Unnamed: 0,type,lifetime_in_hours,Capacity,Re,Rct
0,discharge,9455,1.674305,-497650000000.0,1055903000000.0
1,impedance,9384,1.326543,0.05605783,0.2009702
2,charge,9672,1.326543,-497650000000.0,1055903000000.0
3,impedance,9616,1.326543,0.05319186,0.164734
4,discharge,9515,1.524366,-497650000000.0,1055903000000.0
5,charge,9410,1.326543,-497650000000.0,1055903000000.0
6,discharge,9322,1.508076,-497650000000.0,1055903000000.0
7,charge,8935,1.326543,-497650000000.0,1055903000000.0
8,discharge,8167,1.483558,-497650000000.0,1055903000000.0
9,charge,9578,1.326543,-497650000000.0,1055903000000.0


In [8]:
label_encoder = LabelEncoder() # create an object of the class LabelEncoder

df['type'] = label_encoder.fit_transform(df['type']) # use this object's fit_transform method to encode the values
# of the column 'type' into numerical values as machine learning models can work only on numerical values

In [9]:
df.head(10) # checking if the encoding was successful by checking the first 10 rows of the dataframe

Unnamed: 0,type,lifetime_in_hours,Capacity,Re,Rct
0,1,9455,1.674305,-497650000000.0,1055903000000.0
1,2,9384,1.326543,0.05605783,0.2009702
2,0,9672,1.326543,-497650000000.0,1055903000000.0
3,2,9616,1.326543,0.05319186,0.164734
4,1,9515,1.524366,-497650000000.0,1055903000000.0
5,0,9410,1.326543,-497650000000.0,1055903000000.0
6,1,9322,1.508076,-497650000000.0,1055903000000.0
7,0,8935,1.326543,-497650000000.0,1055903000000.0
8,1,8167,1.483558,-497650000000.0,1055903000000.0
9,0,9578,1.326543,-497650000000.0,1055903000000.0


As we see that 'charge', 'discharge' and 'impedance' that are the unique/distinct values of column 'type' are given numeric values 0 1 and 2 respectively.

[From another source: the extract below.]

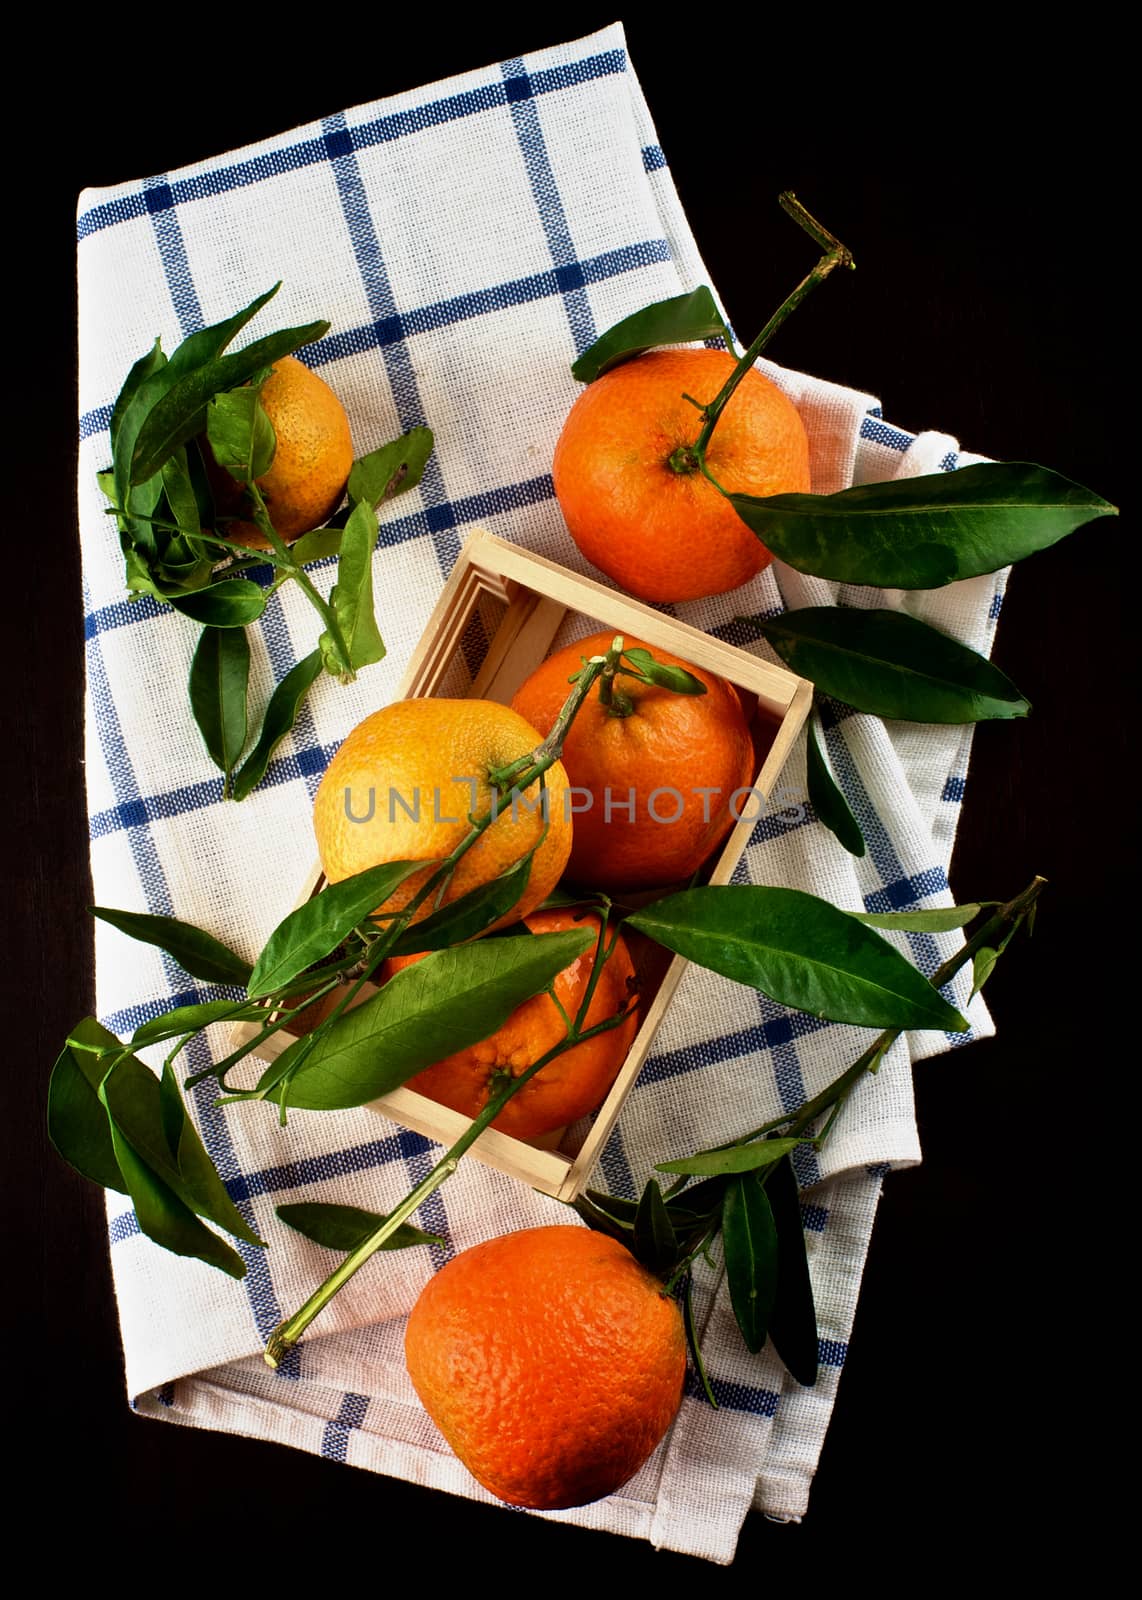 Ripe Tangerines with Leafs in Wooden Box on Napkin closeup on Dark Wooden background. Top View
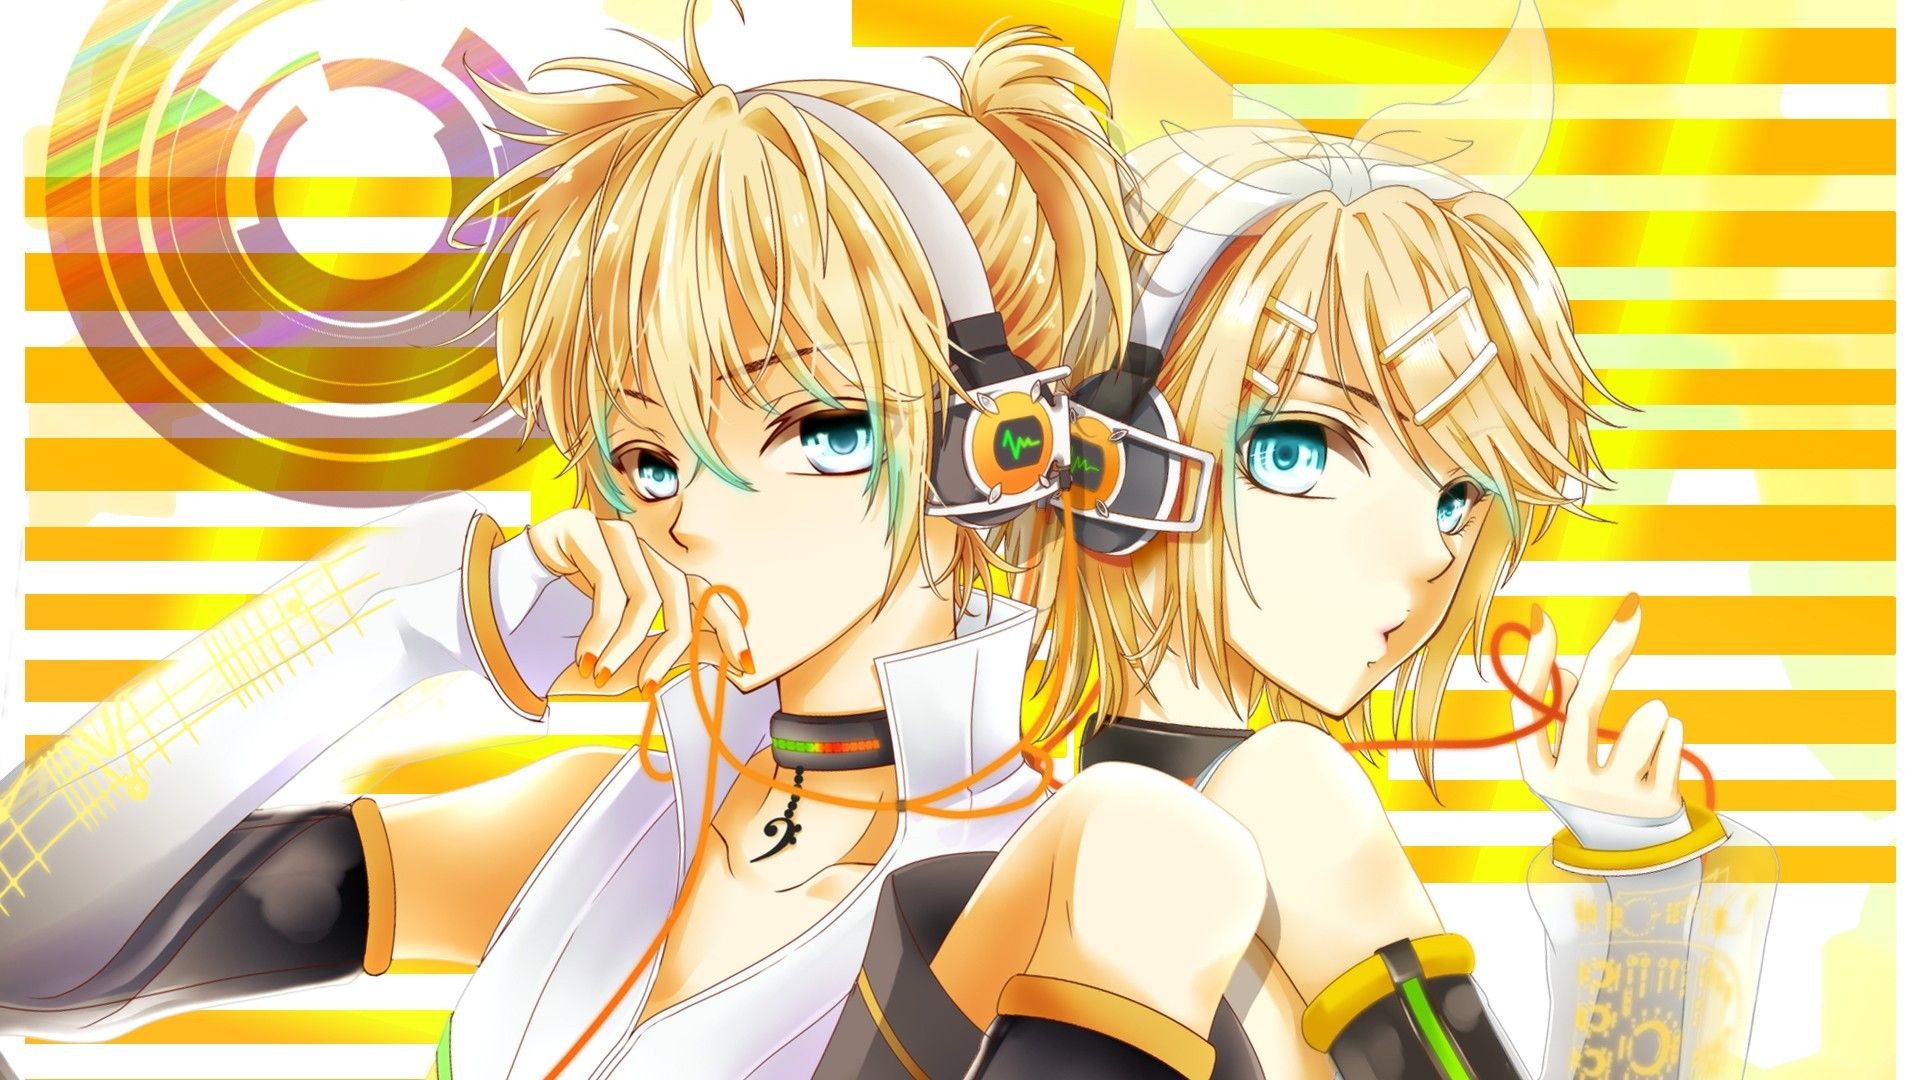 Rin And Len Kagamine Wallpaper Blondes Vocaloid Kagamine Rin Kagamine Len Aqua Eyes Vocaloid Kagamine Rin And Len Vocaloid Vocaloid Len Lens 1920x1080

Now that we have a dataframe containing only numeric values, we can use it for training our model.

In [None]:
X = df.drop(columns=['lifetime_in_hours']) # all columns except 'lifetime_in_hours' would be the input features
y = df['lifetime_in_hours'] # 'lifetime_in_hours' would be the target variable as this is what we want to predict

X_train, X_test, y_train, y_test = train_test_split(X, y, test_size = 0.2, random_state = 42) # split the data into 80% training and 20% testing sets

In [11]:
# we can check the dimensions of testing and training data
print(f'X_train shape: {X_train.shape}')
print(f'X_test shape: {X_test.shape}')

X_train shape: (6052, 4)
X_test shape: (1513, 4)


In [12]:
# now we have to normalize the input features

scaler = MinMaxScaler() # create an object of the MinMaxScaler class

# normalize training and testing parts of input features
X_train_scaled = scaler.fit_transform(X_train)
X_test_scaled = scaler.transform(X_test)

In [13]:
# checking if the normalization was successful by checking the first 5 rows of the normalized dataframe
print(f'Scaled X_test: \n{X_test_scaled[:5]}')
print(f'Scaled X_train: \n{X_train_scaled[:5]}')

Scaled X_test: 
[[0.5        0.         0.         1.        ]
 [0.5        0.63823903 0.         1.        ]
 [0.         0.50245012 0.         1.        ]
 [0.5        0.38080339 0.         1.        ]
 [0.5        0.38936986 0.         1.        ]]
Scaled X_train: 
[[1.00000000e+00 5.02450122e-01 9.99999999e-01 1.98111482e-10]
 [5.00000000e-01 4.55998175e-01 0.00000000e+00 1.00000000e+00]
 [5.00000000e-01 3.60527766e-02 0.00000000e+00 1.00000000e+00]
 [0.00000000e+00 5.02450122e-01 0.00000000e+00 1.00000000e+00]
 [5.00000000e-01 5.35874070e-01 0.00000000e+00 1.00000000e+00]]


In [15]:
# now we have to create an ANN model that will use training and testing data

model = Sequential() # create an empty sequential model from keras

# add a dense layer with 64 units, relu activation function and input dimension of X_train_scaled.shape[1] ie 4 input features
model.add(Dense(units=64, activation='relu', input_shape=(X_train_scaled.shape[1],)))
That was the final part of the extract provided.